1809-1813 King Joseph's Army ( Regular Infantry)

1809-1813 King Joseph's Army ( Regular Infantry)

Joseph’s uniforms remain a dubious and poorly documented subject, with much confusion as to the regiment’s numbers, names, and actual clothing. The one generally accepted idea is that most, if not all, of Joseph's infantry wore brown coats.

3rd Line Infantry Regiment (Seville), Officer, Field Uniform, 1811
At least two sources give Seville black facings, though another shows its coat as brown, with white waistcoat and breeches. Possibly this is summer dress.
Claiming to be legal king of Spain, Joseph adopted Spain’s traditional red cockade.

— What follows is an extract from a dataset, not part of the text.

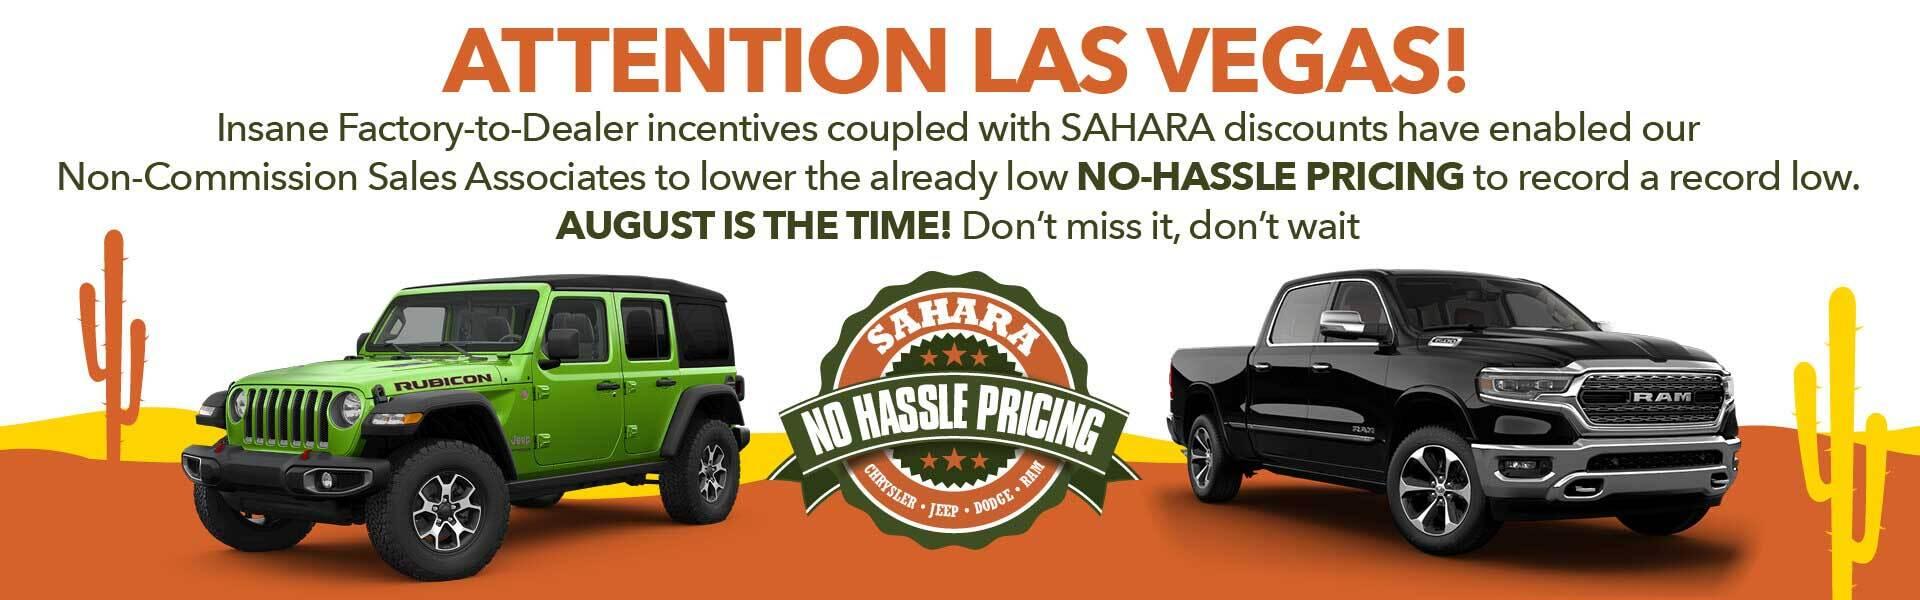 Jeep Dealership Las Vegas >> Jeep Dealer Las Vegas Nevada Foto Jeep And Wallpaper Hd

4th Line Infantry Regiment (Soria), Grenadier, 1811
Note the red “flaming grenade” on his forage cap. 

There is one uniform, tentatively identified as that of 5th Line Infantry Regiment (“Granada”), in the Musée de l’Armée in Paris - brown with yellow collar, lapels, round cuffs, and lining, and white button-hole tabs (one on each side of collar, 8 on each lapel, 3 on outside of each cuff).



Royal Irish Regiment, Fusilier, 1809
Formed in 1809 to take in the debris of the “Irish” regiments (by now mostly miscellaneous foreigners, including Austrians) in Spanish service. Originally projected as a “brigade”, but only one regiment could be formed - and it, for lack of replacements, was put into the reliable “Royal Foreign Regiment” in 1812.

A sketch by the Dutch officer, Keck, in 1810 shows pointed cuffs and yellow waistcoats.

Drummers had yellow lapels and swallows’ nests and orange braid. Drum hoops were bright red.